Demographics details for Upland, CA vs Montgomery village, MD

Population Overview

Compare main population characteristics in Upland, CA vs Montgomery village, MD.

Data Upland Montgomery village
Population 78,841 34,748
Median Age 37.1 years 36.8 years
Median Income $93,994 $91,703
Married Families 38.0% 38.0%
Poverty Level 9% 7%
Unemployment Rate 4.4 4.2

Population Comparison: Upland vs Montgomery village

  • In Upland, the population is higher at 78,841, compared to 34,748 in Montgomery village.
  • Residents in Upland have a higher median age of 37.1 years compared to 36.8 years in Montgomery village.
  • Upland has a higher median income of $93,994 compared to $91,703 in Montgomery village.
  • The percentage of married families is the same in both Upland and Montgomery village at 38.0%.
  • Upland has a higher poverty level at 9% compared to 7% in Montgomery village.
  • The unemployment rate in Upland is higher at 4.4%, compared to 4.2% in Montgomery village.

Demographics

Demographics Upland vs Montgomery village provide insight into the diversity of the communities to compare.

Demographic Upland Montgomery village
Black 7 23
White 22 19
Asian 10 13
Hispanic 44 35
Two or More Races 16 10
American Indian 1 Data is updating

Demographics Comparison: Upland vs Montgomery village

  • In Montgomery village, the percentage of Black residents is higher at 23% compared to 7% in Upland.
  • Upland has a higher percentage of White residents at 22% compared to 19% in Montgomery village.
  • In Montgomery village, the Asian population stands at 13%, greater than 10% in Upland.
  • The Hispanic community is larger in Upland at 44% compared to 35% in Montgomery village.
  • More residents identify as two or more races in Upland at 16% compared to 10% in Montgomery village.
  • A greater percentage of American Indian residents live in Upland at 1% compared to 0% in Montgomery village.

Health Statistics

The health statistics provide insights into prevalent health conditions in two communities.

Health Metric Upland Montgomery village
Mental Health Not Good 15.5% 14.5%
Physical Health Not Good 10.4% 9.0%
Depression 17.8% 18.9%
Smoking 10.8% 11.3%
Binge Drinking 16.3% 12.1%
Obesity 34.9% 27.8%
Disability Percentage 12.0% 10.0%

Health Statistics Comparison: Upland vs Montgomery village

  • More residents in Upland report poor mental health at 15.5% compared to 14.5% in Montgomery village.
  • Higher depression rates are seen in Montgomery village at 18.9% versus 17.8% in Upland.
  • Montgomery village has a higher smoking rate at 11.3% compared to 10.8% in Upland.
  • Binge drinking is more common in Upland at 16.3% compared to 12.1% in Montgomery village.
  • Obesity rates are higher in Upland at 34.9% compared to 27.8% in Montgomery village.
  • Disability percentages are higher in Upland at 12.0% compared to 10.0% in Montgomery village.

Education Levels

The educational attainment in the area helps gauge the workforce's skill level and economic potential.

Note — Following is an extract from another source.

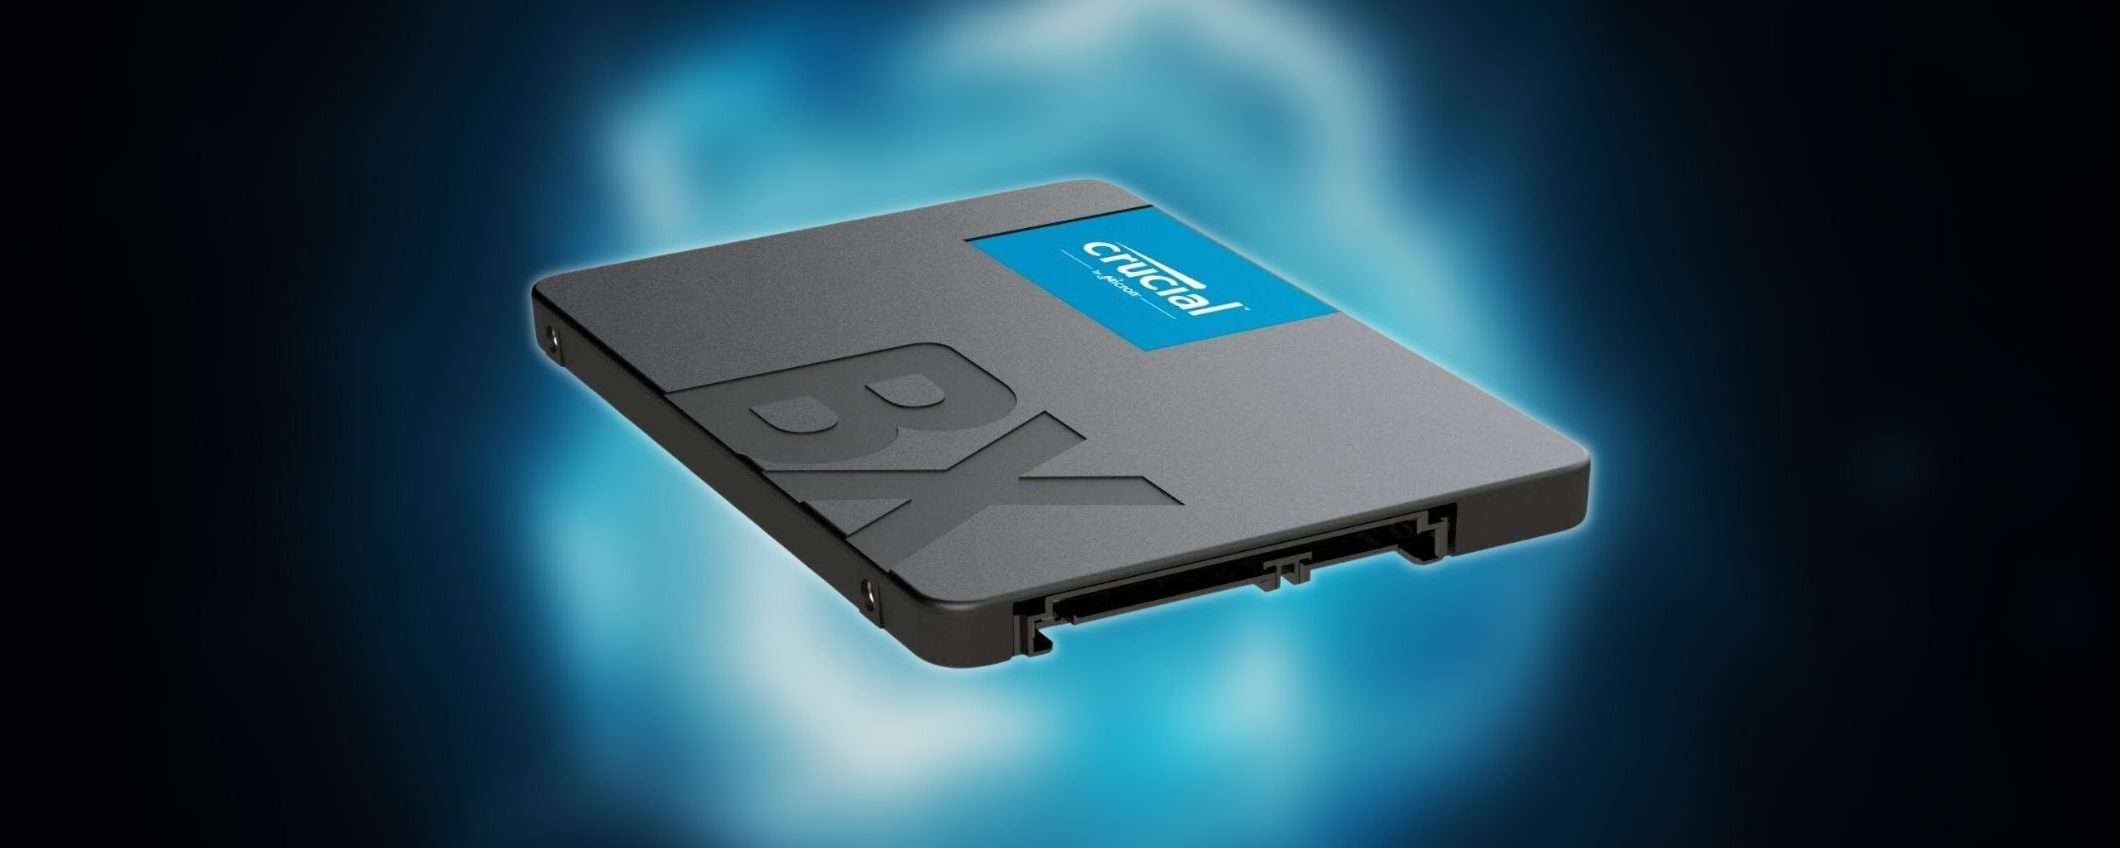 Ti bastano 20 euro per questo velocissimo SSD da 240GB
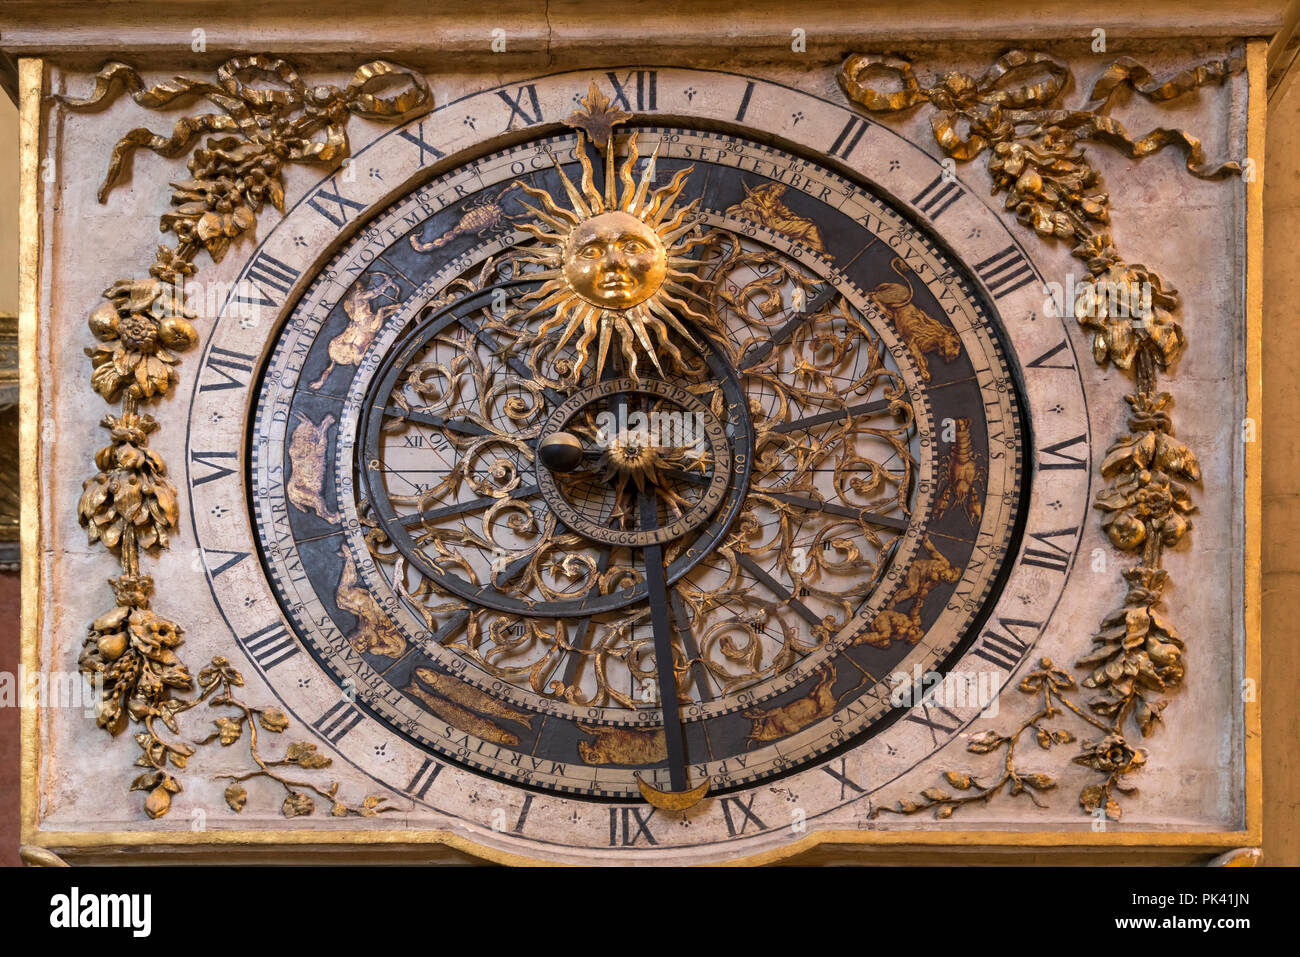 Astronomische Uhr in der Kathedrale von Lyon, Auvergne-Rhone-Alpes, Frankreich | astronomische Uhr, die Kathedrale von Lyon, Lyon, Auvergne-Rhone-Alpes, Fra Stockfoto

Education Level Upland Montgomery village
No Schooling 1.3% (1,036) 2.7% (955)
High School Diploma 14.1% (11,080) 12.2% (4,244)
Less than High School 12.3% (9,718) 14.3% (4,958)
Bachelor's Degree and Higher 23.2% (18,252) 28.9% (10,032)

Education Levels Comparison: Upland vs Montgomery village

  • In Montgomery village, a larger percentage of residents lack formal schooling at 2.7% compared to 1.3% in Upland.
  • A higher percentage of residents in Upland hold a high school diploma at 14.1% compared to 12.2% in Montgomery village.
  • The percentage of residents with less than a high school education is higher in Montgomery village at 14.3%, compared to 12.3% in Upland.
  • In Montgomery village, a larger share of residents have a bachelor's degree or higher at 28.9% compared to 23.2% in Upland.

Crime and Safety

Understanding crime rates and safety measures is crucial for assessing the livability of a city or town. Crime levels can vary significantly from one neighborhood to another, influenced by various factors such as population density and local amenities. For instance, areas with high foot traffic, like train stations, might experience different crime dynamics compared to quieter residential neighborhoods. Evaluating these patterns helps in making informed decisions about safety and community well-being.